> Requirement
Repeat the listing exactly. Pictures stay out of your copy.
Segment Start: Dataset extract
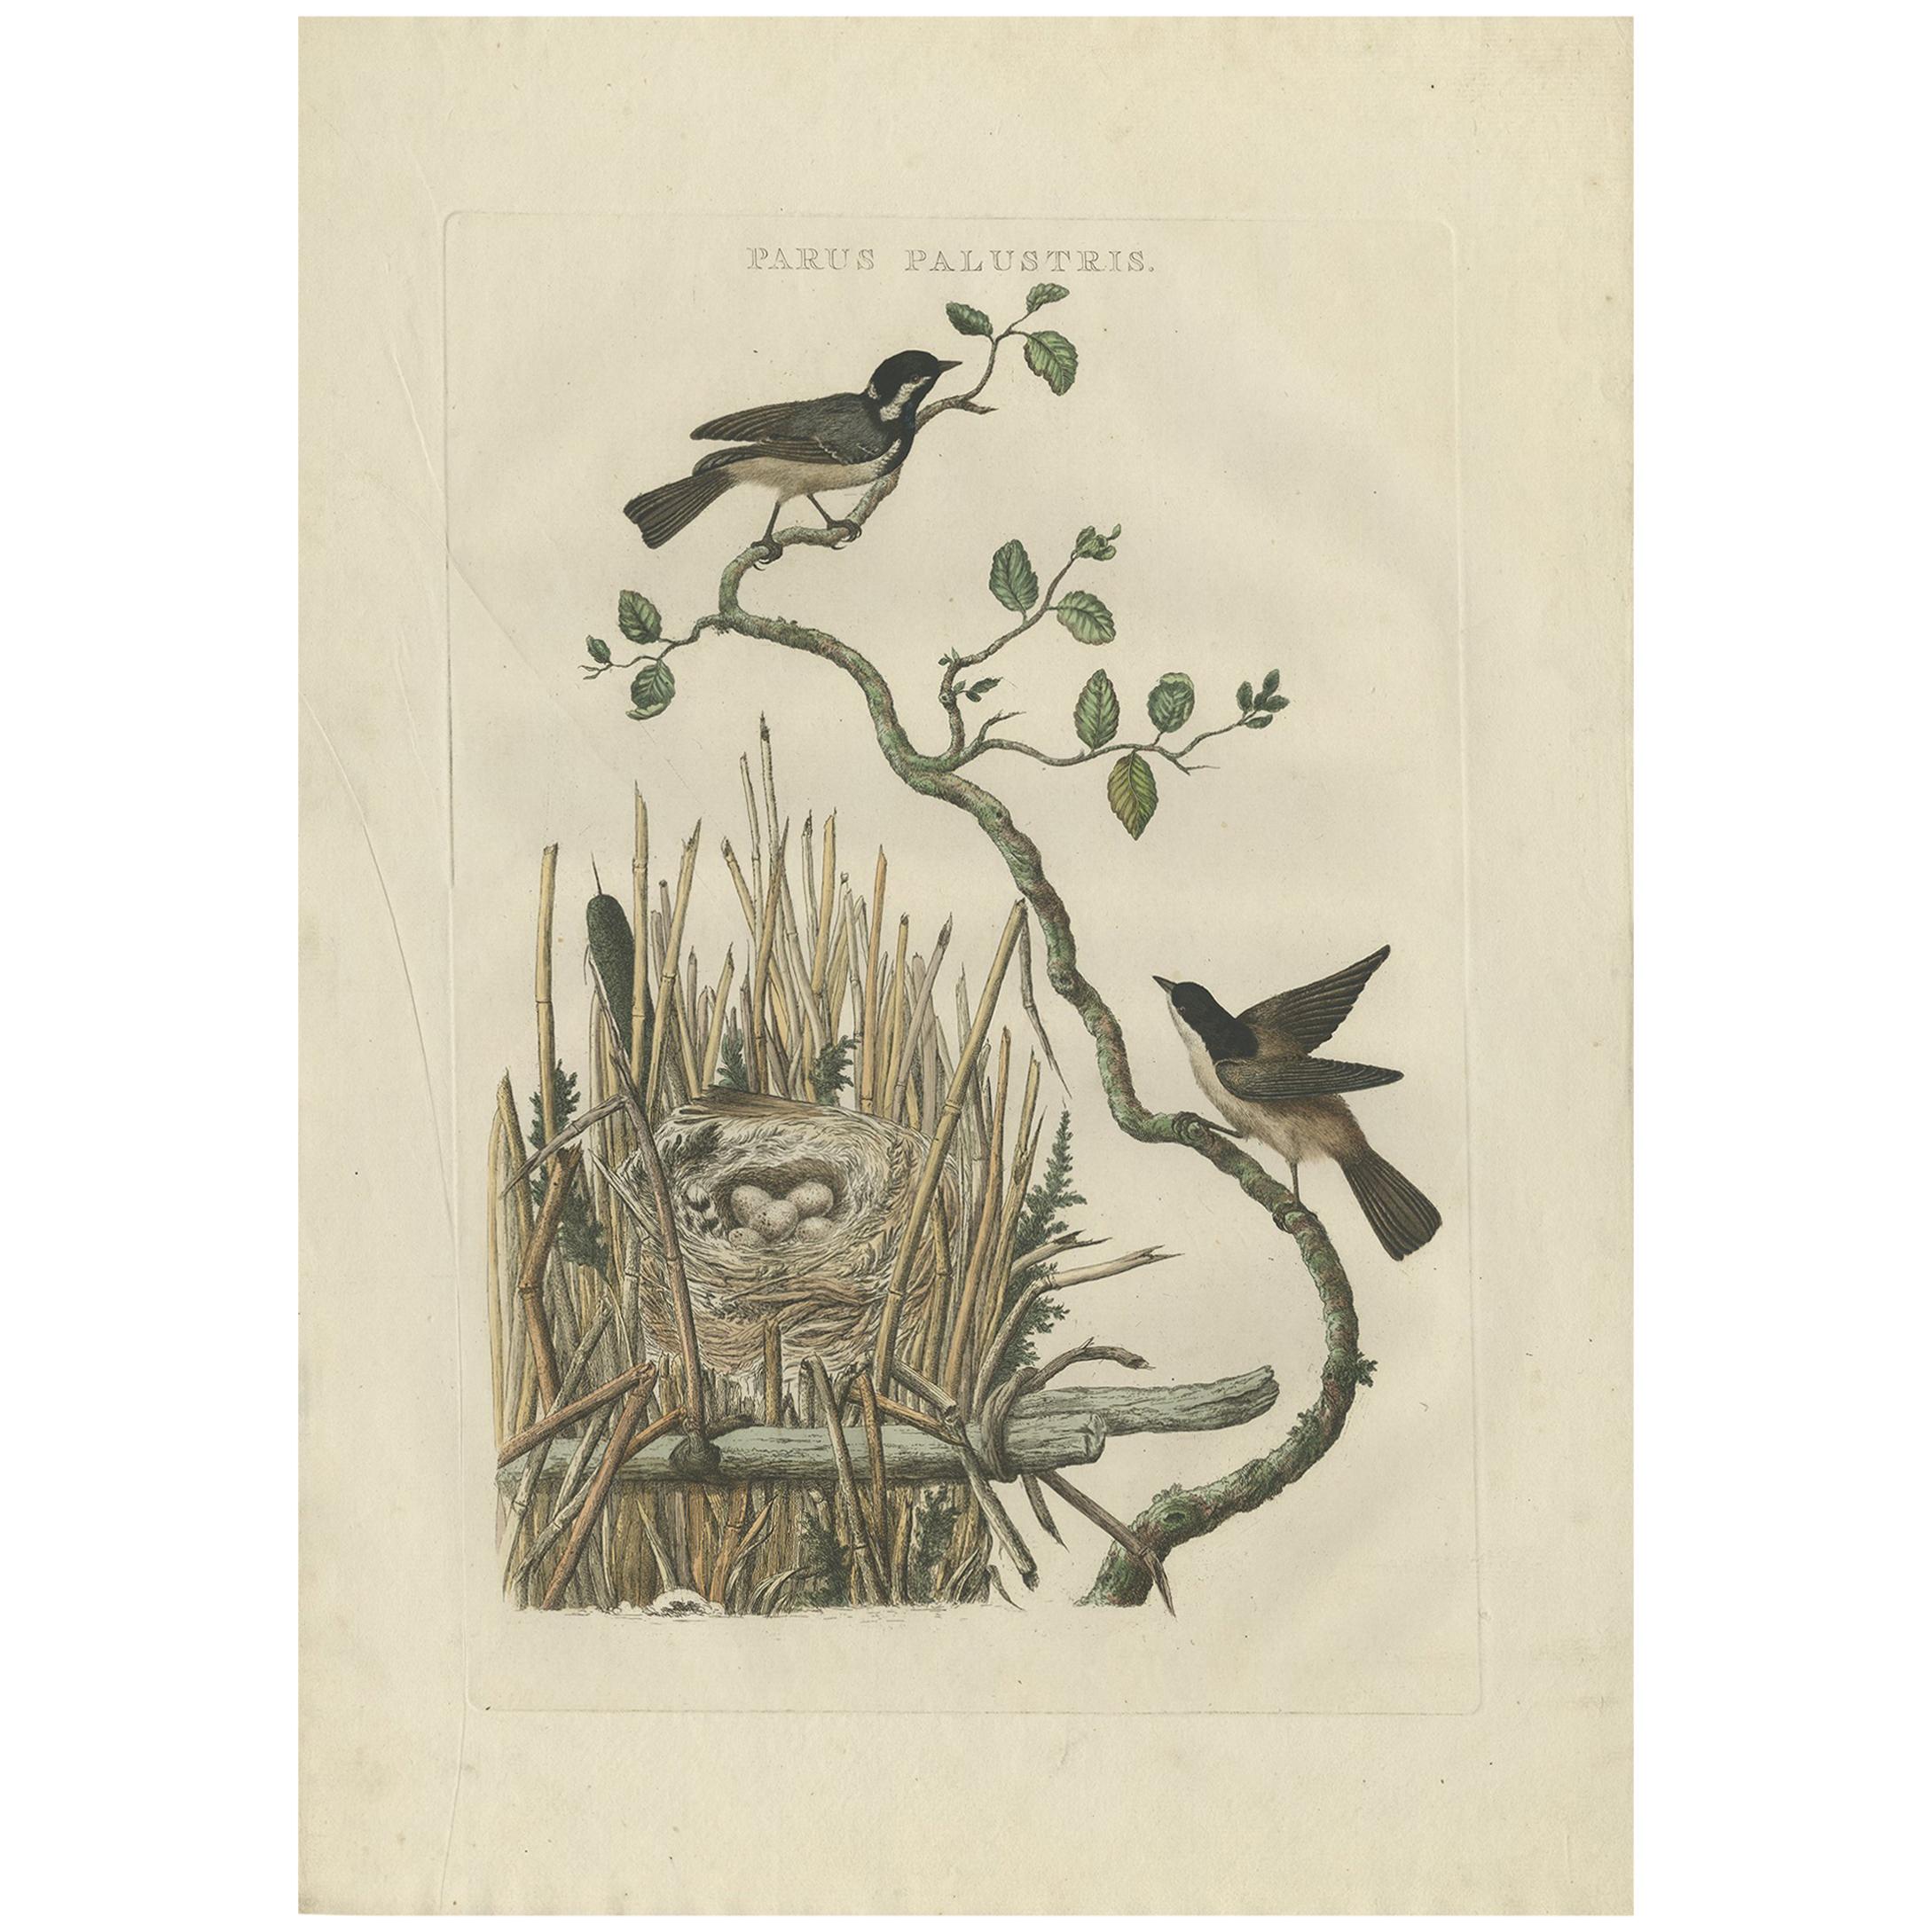 Antique Bird Print of the Marsh Tit by Sepp & Nozeman, 1770
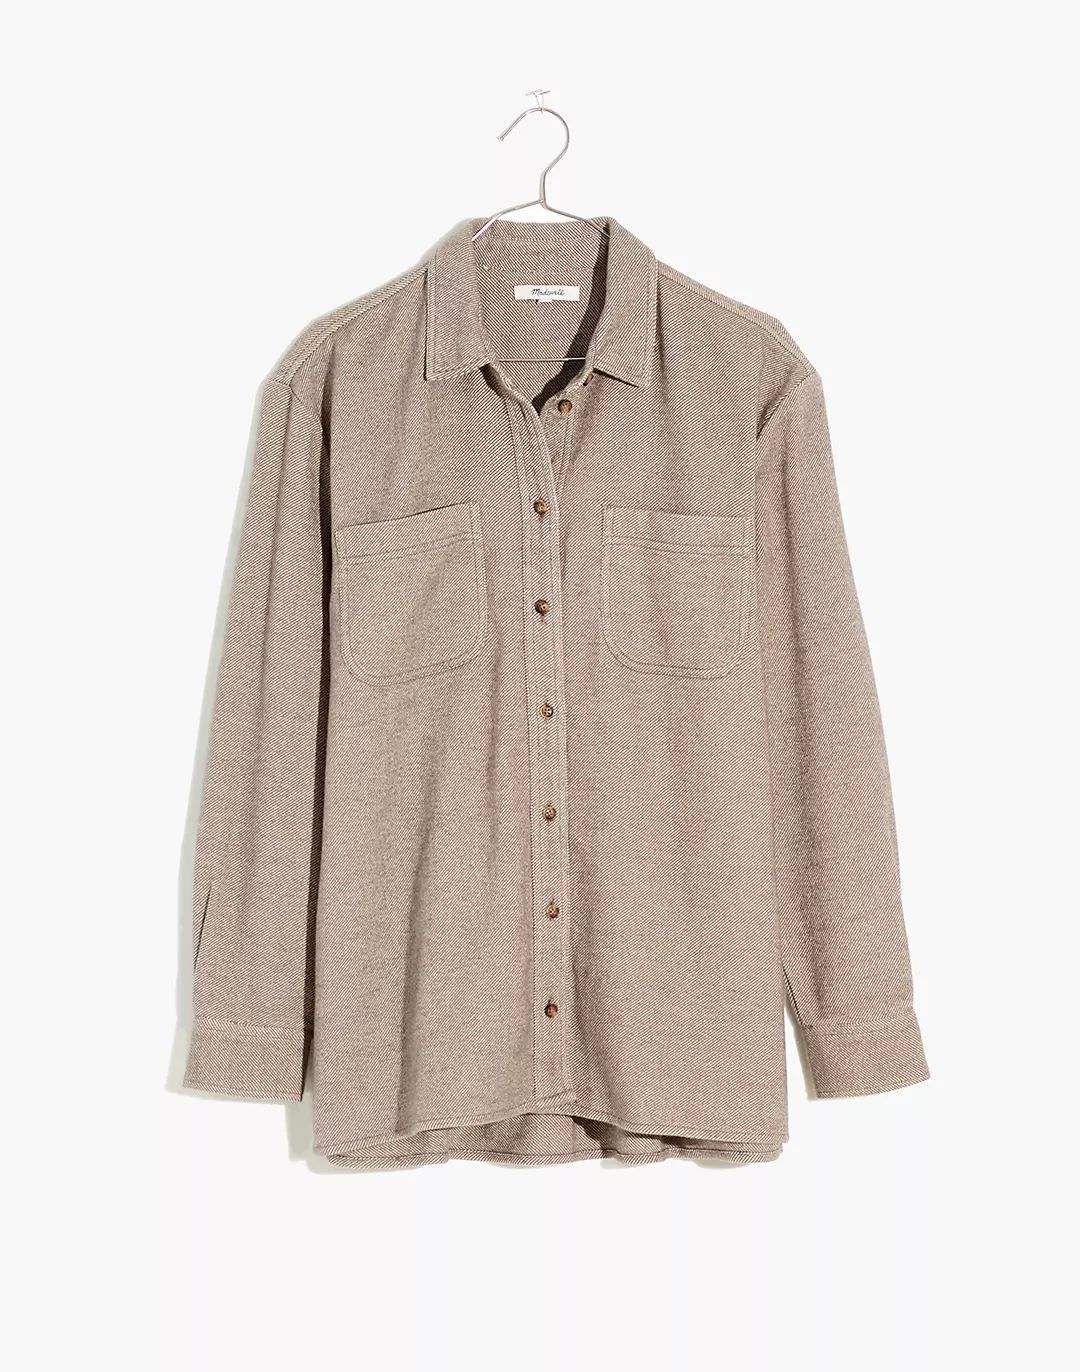 Oversized Ex-Boyfriend Shirt in Flannel: Seamed Edition | Madewell
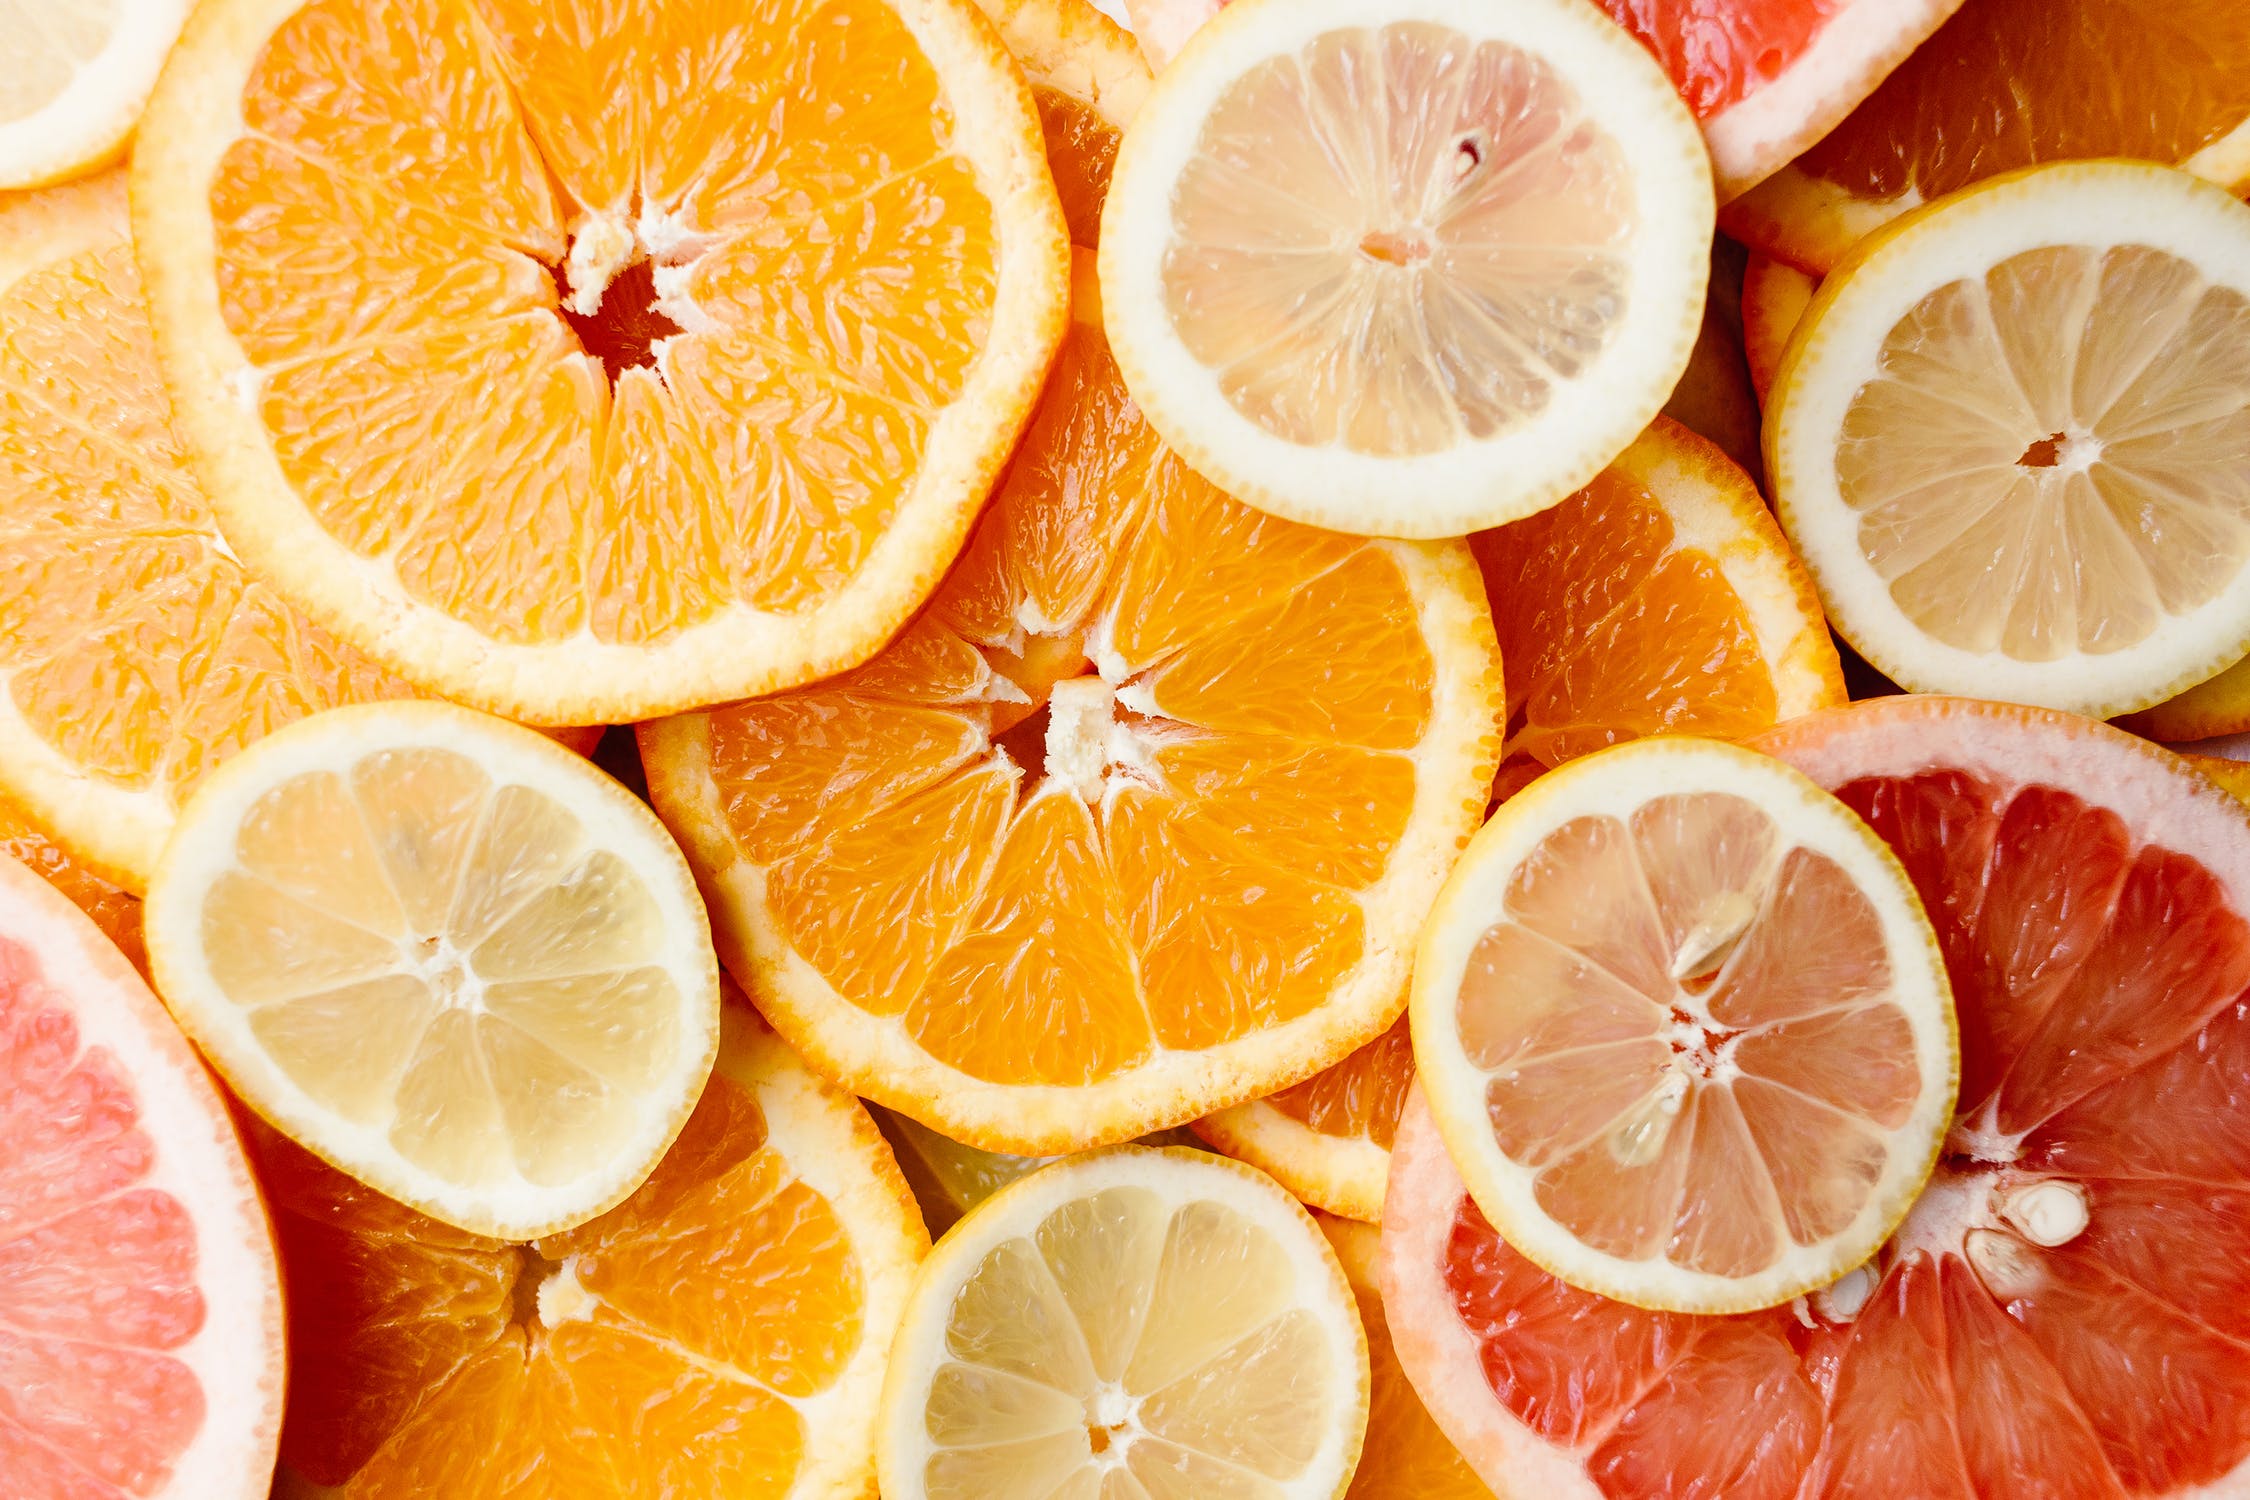 A photo of freshly-sliced oranges
Segment End: Dataset extract
> Output
 Antique Bird Print of the Marsh Tit by Sepp & Nozeman, 1770
 Oversized Ex-Boyfriend Shirt in Flannel: Seamed Edition | Madewell
 A photo of freshly-sliced oranges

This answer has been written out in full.